Я окончил медицинскую школу в 1997 году и с 2003 года работал гастроэнтерологом в Медицинском центре Университета Кентукки и входящем в его состав Медицинском центре по делам ветеранов. В этом качестве я оказывал непосредственную помощь тысячам стационарных и амбулаторных пациентов в год в течение почти 20 лет.
Помимо медицины, я очень занят спортивными мероприятиями в старшей школе, церковными мероприятиями и несколькими танцевальными группами. Я поддерживаю тесный контакт со своей семьей в маленьком городке в Теннесси, включая мою 86-летнюю мать.
Представившись, я чувствую себя обязанным описать свои личные наблюдения в эпоху COVID, поскольку я чувствую огромную несоответствие между сообщениями в СМИ и событиями в моем большом медицинском центре.
Кто-то скажет, что мои личные наблюдения недействительны, потому что они не представляют наиболее сильно пострадавшие от COVID группы населения. Я бы возразил, что большой третичный медицинский центр обслуживает самых больных пациентов в данной географической области — число, особенно актуальное для COVID. И мои социальные и семейные контакты варьируются от маленьких детей до восьмидесятилетних. Может быть, прочитав мой рассказ, другие вдохновятся прокомментировать «новую одежду императора».
На мой взгляд, для оправдания масштабных социальных отключений потребуются значительные нарушения типичных парадигм лечения. До сих пор во время пандемии я не видел, чтобы в коридорах нашей больницы лечили большое количество пациентов — по крайней мере, не больше, чем обычно. Размещение пациентов в коридорах было обычным делом в отделении неотложной помощи Университета Кентукки уже более десяти лет.

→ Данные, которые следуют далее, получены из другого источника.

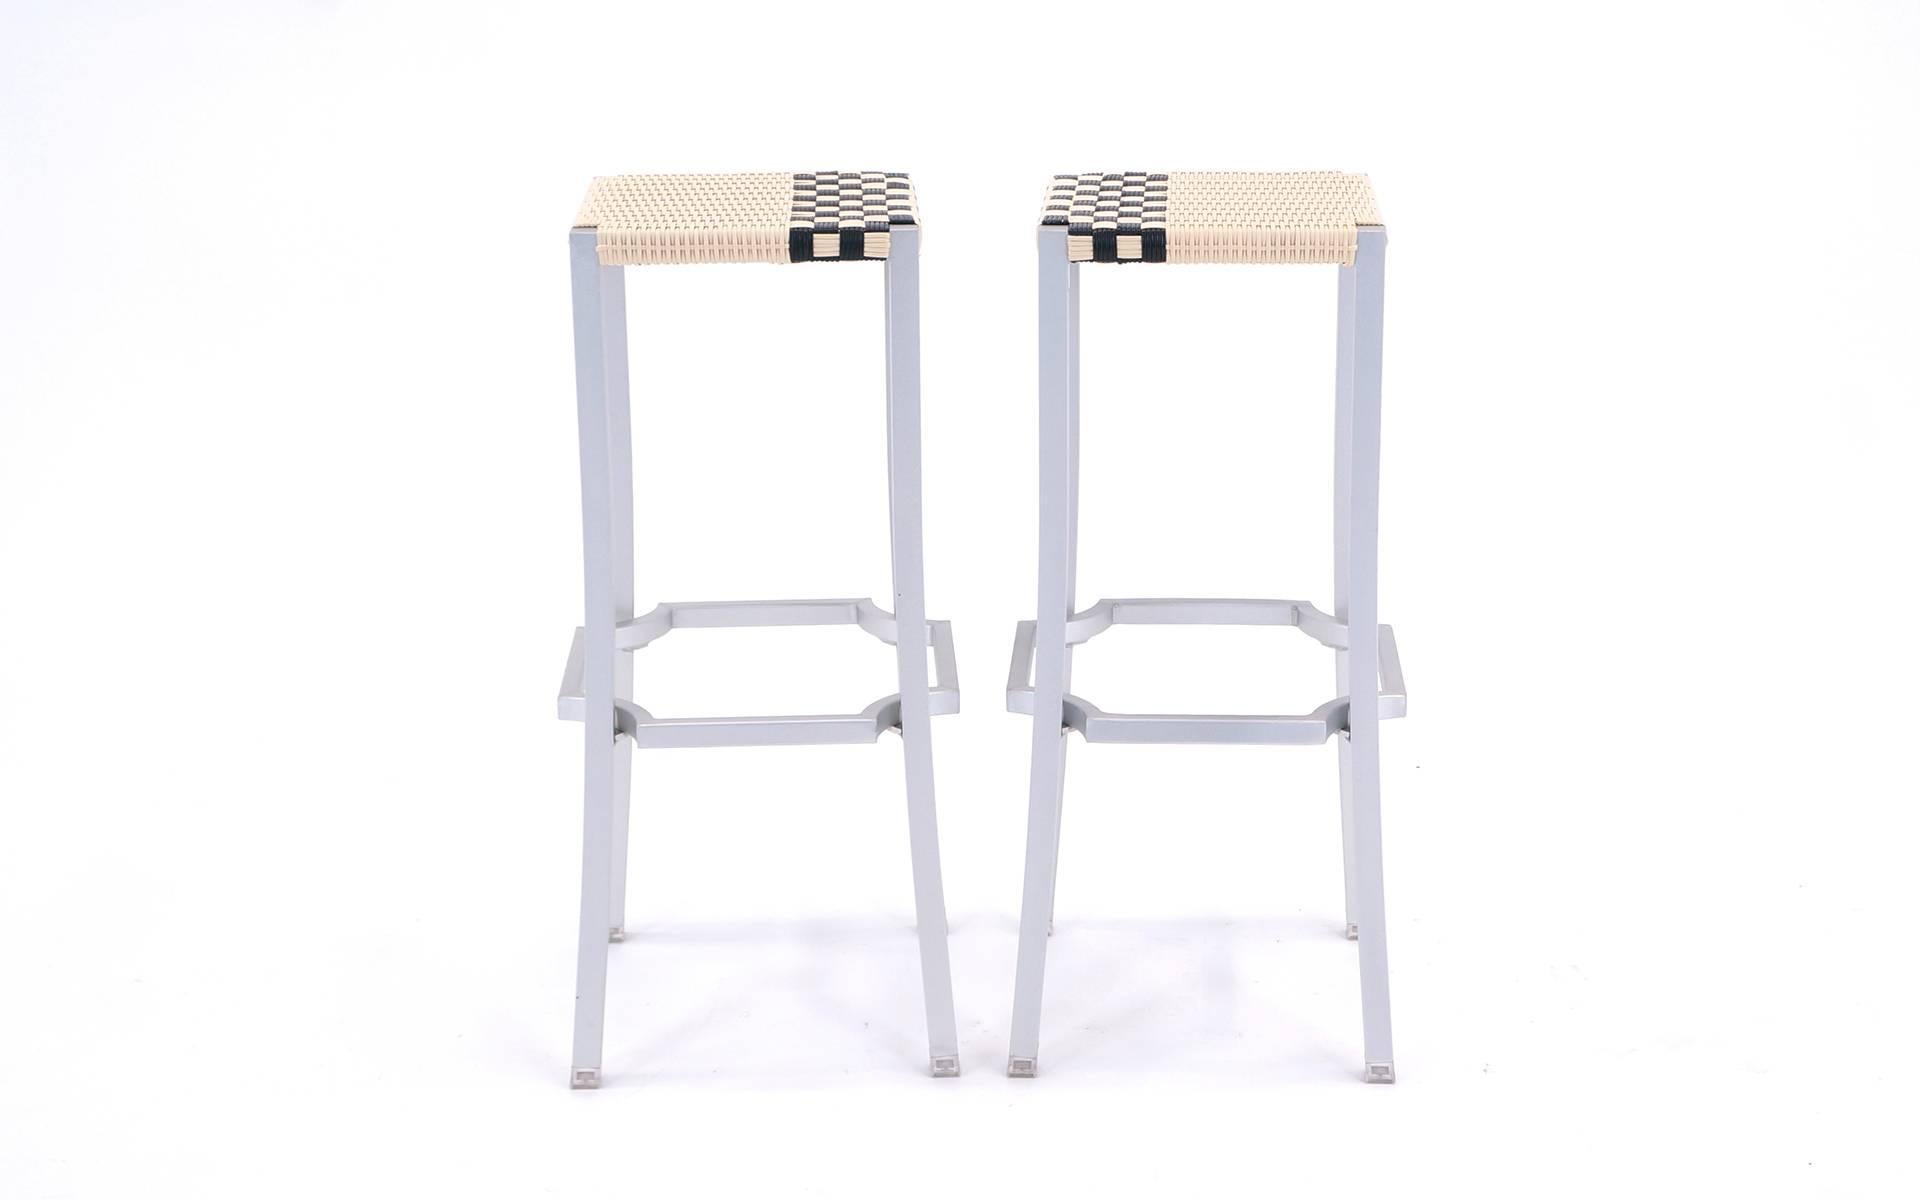 Pair of never used One Cafe bar stools designed by Philippe Starck in 2006 for Driade, Italy. The stool structure is sandblasted anodized polished aluminium with seat in woven plastic in ivory and black. It can be used indoor as well as outdoor.

Излишне говорить, что я не видел пациентов, которых лечили в импровизированных сооружениях, таких как палатки или полевые госпитали. Фактически, большой полевой госпиталь, оборудованный весной 2020 года на базе спортивного тренировочного центра Университета Кентукки, никогда не использовался для размещения пациентов и теперь вернулся к использованию в спорте.
СМИ часто называют нехватку коек в отделениях интенсивной терапии проблемой медицинского обслуживания, связанной с пандемией. Я работал в отделении интенсивной терапии моего медицинского центра в нескольких должностях с 1997 года, в последнее время в качестве лечащего гастроэнтеролога, и могу подтвердить почти ежедневную нехватку коек в отделении интенсивной терапии в течение всего этого периода. Я не знаю о каких-либо существенных различиях, связанных с COVID.
Около 10 лет назад мне позвонили по поводу члена семьи из Теннесси, которому требовалась помощь в отделении интенсивной терапии, но в Теннесси такой помощи не было. Мы надеялись, что сможем найти койку в отделении интенсивной терапии в Великобритании, но безрезультатно. К сожалению, довольно типично. Интересно, почему все больше практикующих врачей не говорят об этом явлении вместо того, чтобы позволить нехватке коек в отделении интенсивной терапии казаться новинкой и тем самым подпитывать уныние и обреченность повествования о COVID.
Кто-то скажет, что нехватка оборудования для интенсивной терапии представляет собой угрозу стандарту медицинской помощи, вызванную всплесками COVID. Я бы согласился в некоторых отношениях. Однако ответы были неадекватными, особенно на раннем этапе. В моем учреждении почти не было упоминания о паллиативной помощи как о средстве восполнения нехватки оборудования, как будто было бы ересью рассматривать вопрос об отключении системы жизнеобеспечения у хронически больного COVID-инфицированного пациента дома престарелых.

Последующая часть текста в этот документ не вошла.